# Exercise description
Give back the lines below verbatim, omitting all pictures.

# Input data
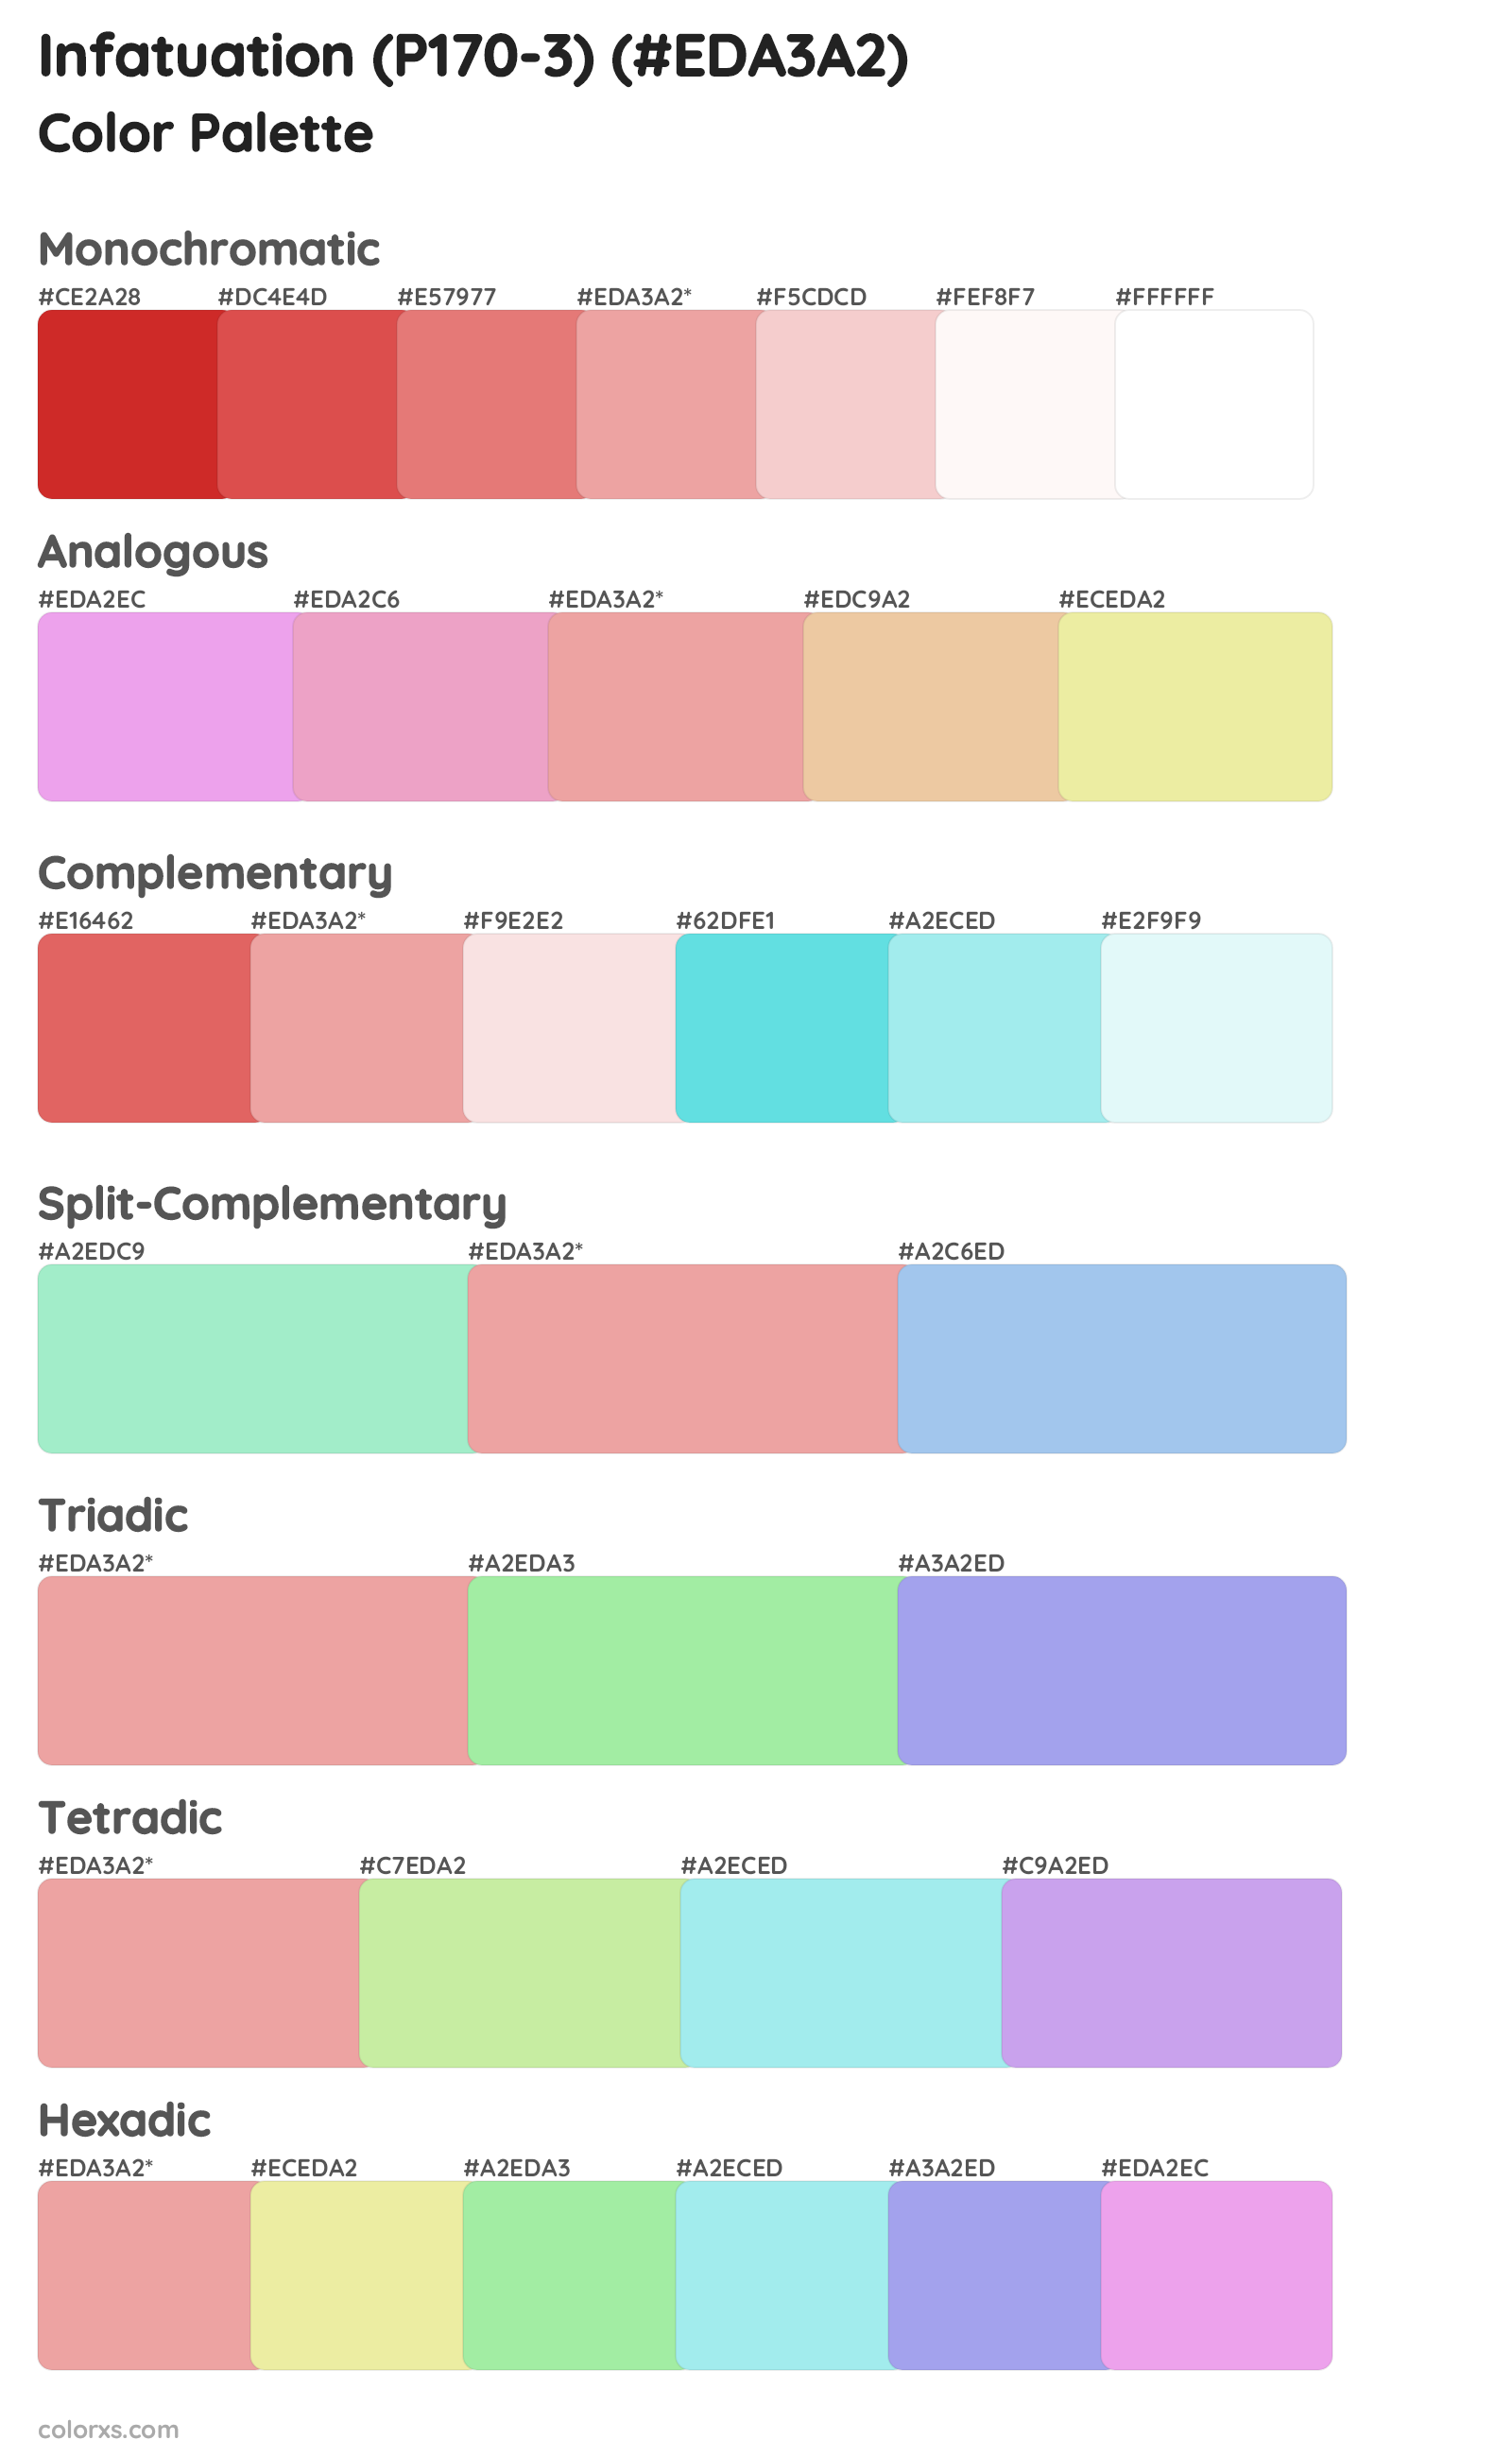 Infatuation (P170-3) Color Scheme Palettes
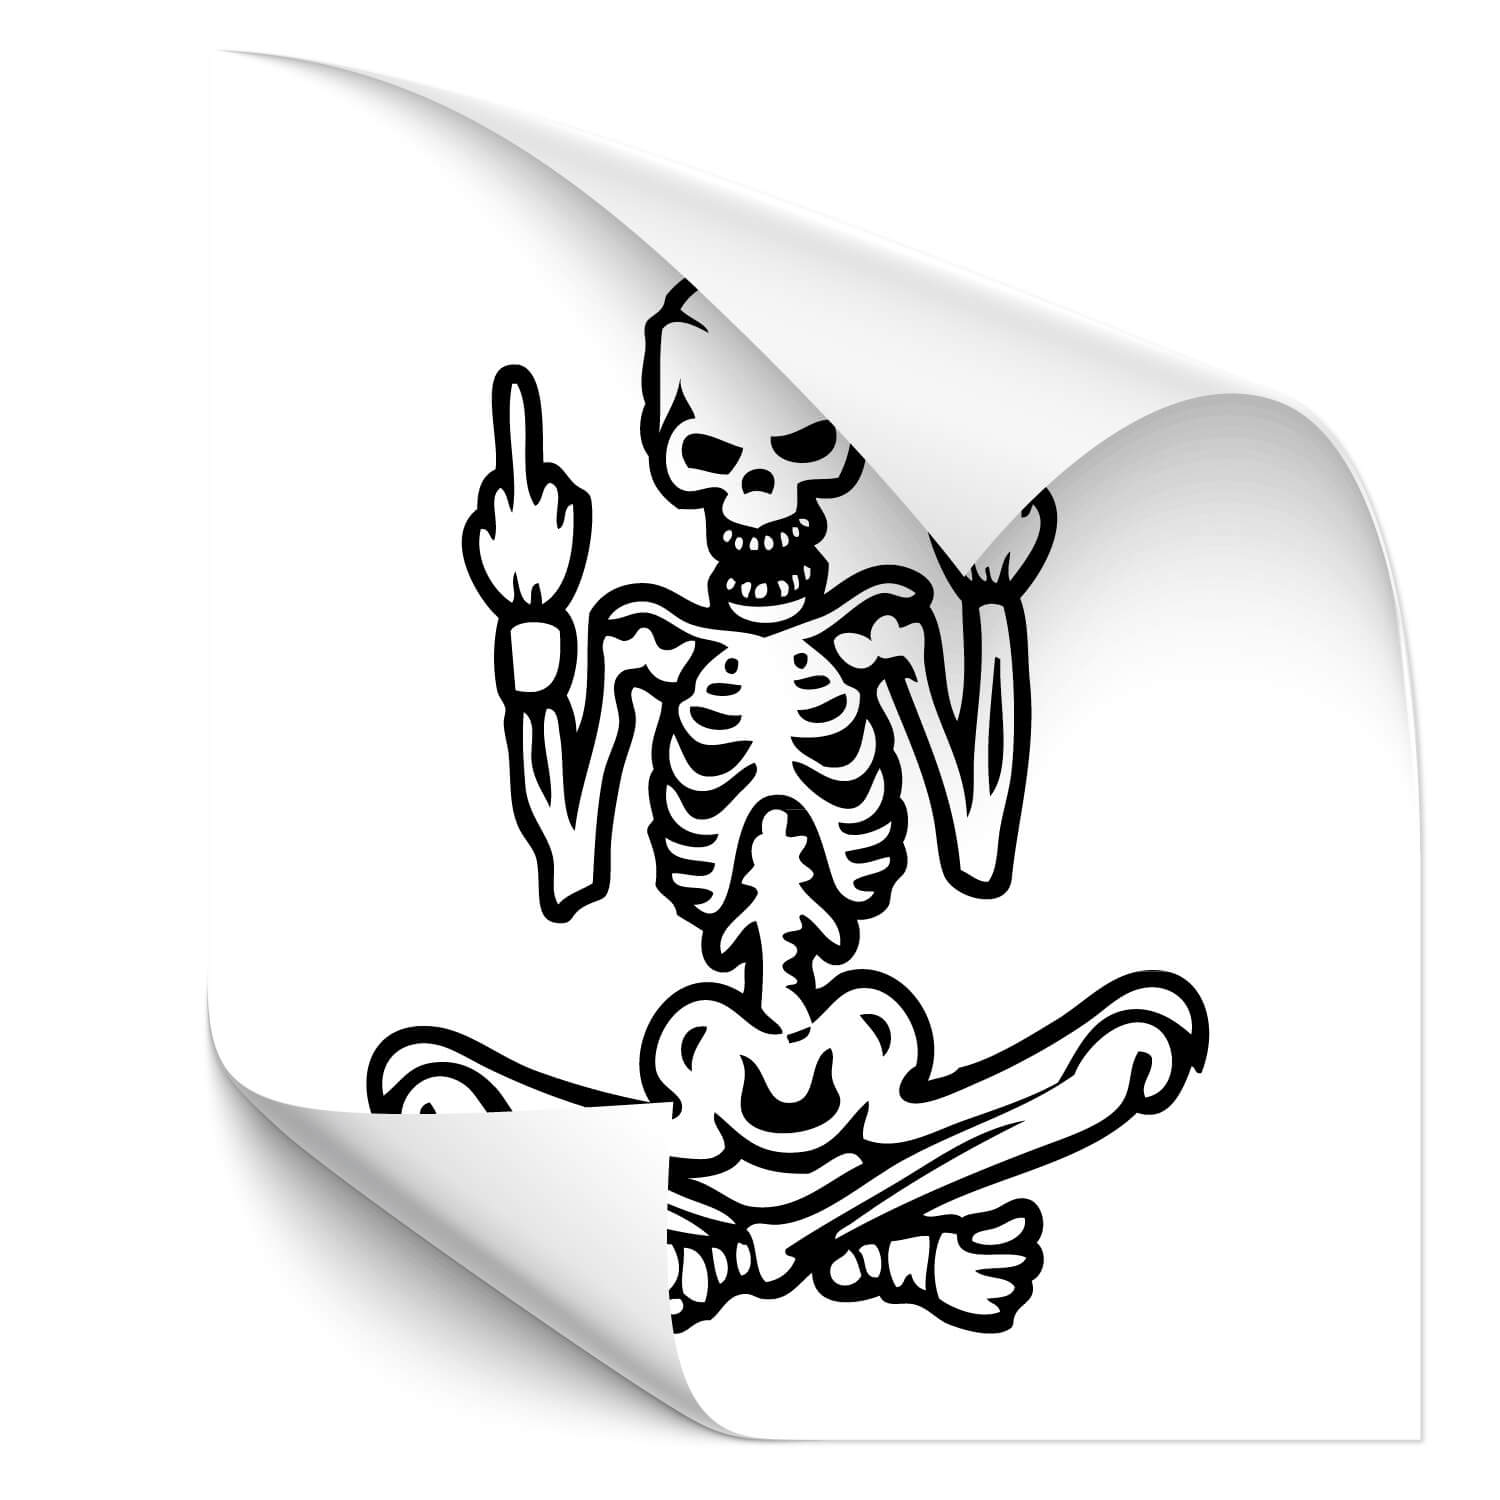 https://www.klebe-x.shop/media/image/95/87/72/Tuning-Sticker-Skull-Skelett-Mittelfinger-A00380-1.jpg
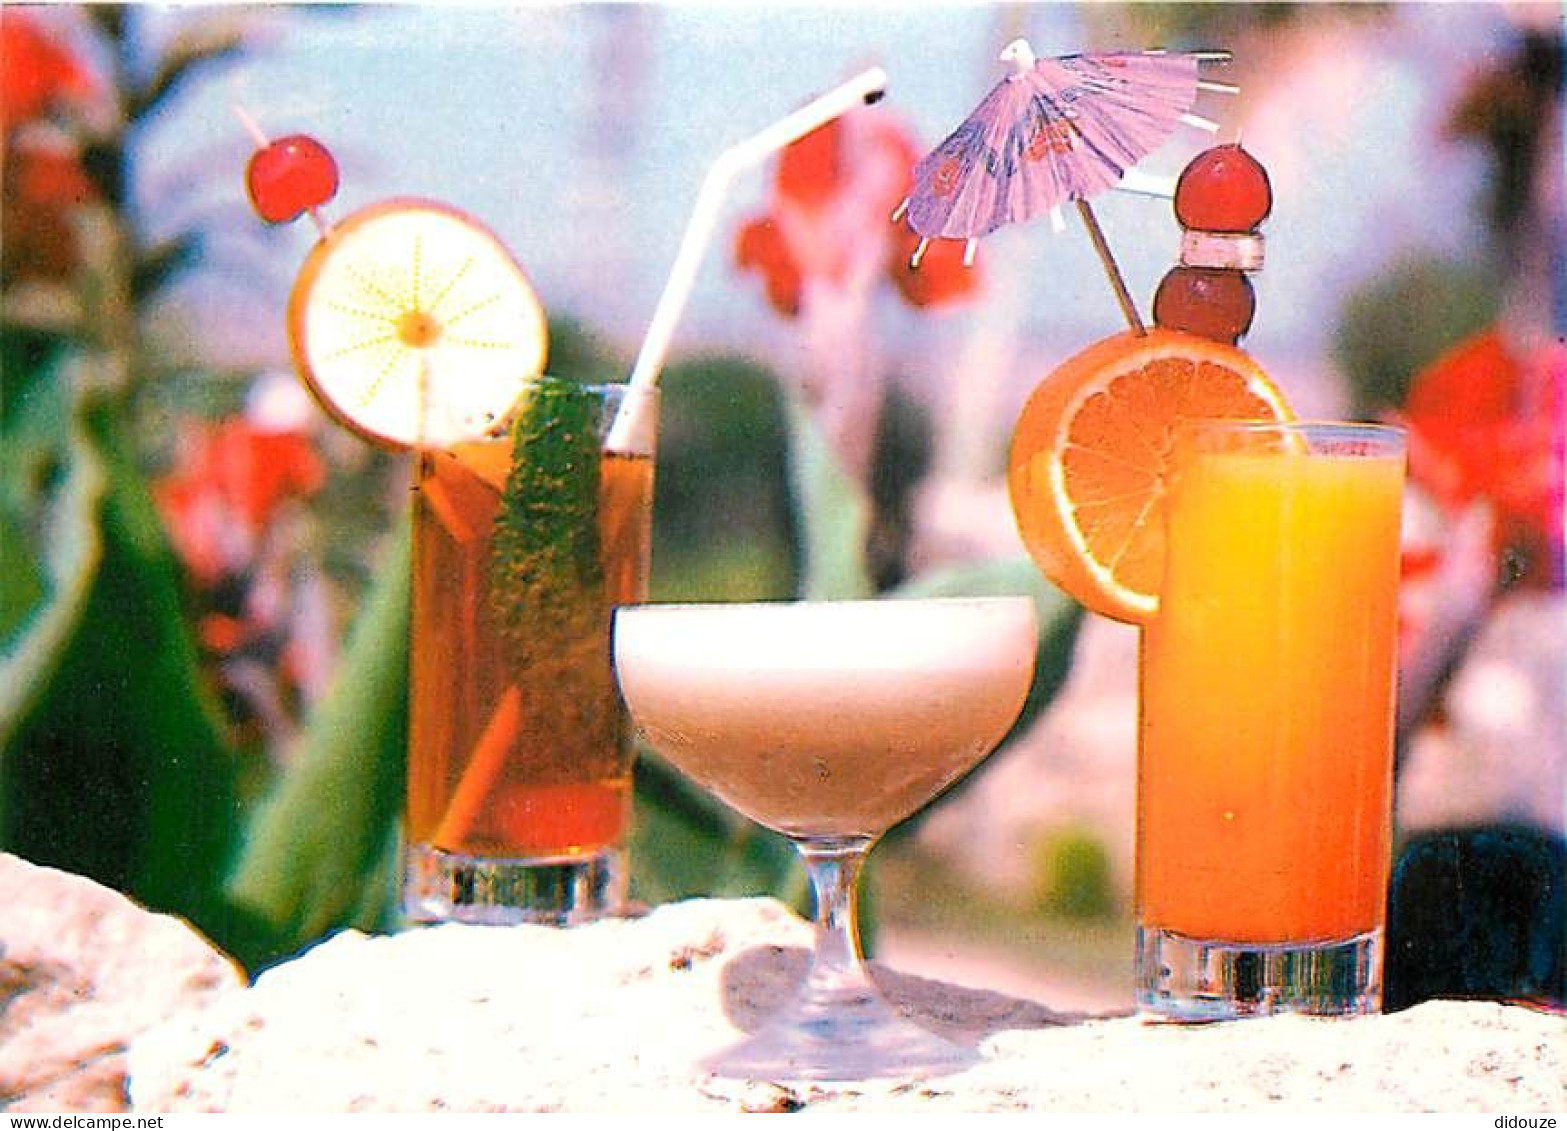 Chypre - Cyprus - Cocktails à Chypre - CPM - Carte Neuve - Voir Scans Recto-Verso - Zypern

# Output of the task
 Infatuation (P170-3) Color Scheme Palettes
 https://www.klebe-x.shop/media/image/95/87/72/Tuning-Sticker-Skull-Skelett-Mittelfinger-A00380-1.jpg
 Chypre - Cyprus - Cocktails à Chypre - CPM - Carte Neuve - Voir Scans Recto-Verso - Zypern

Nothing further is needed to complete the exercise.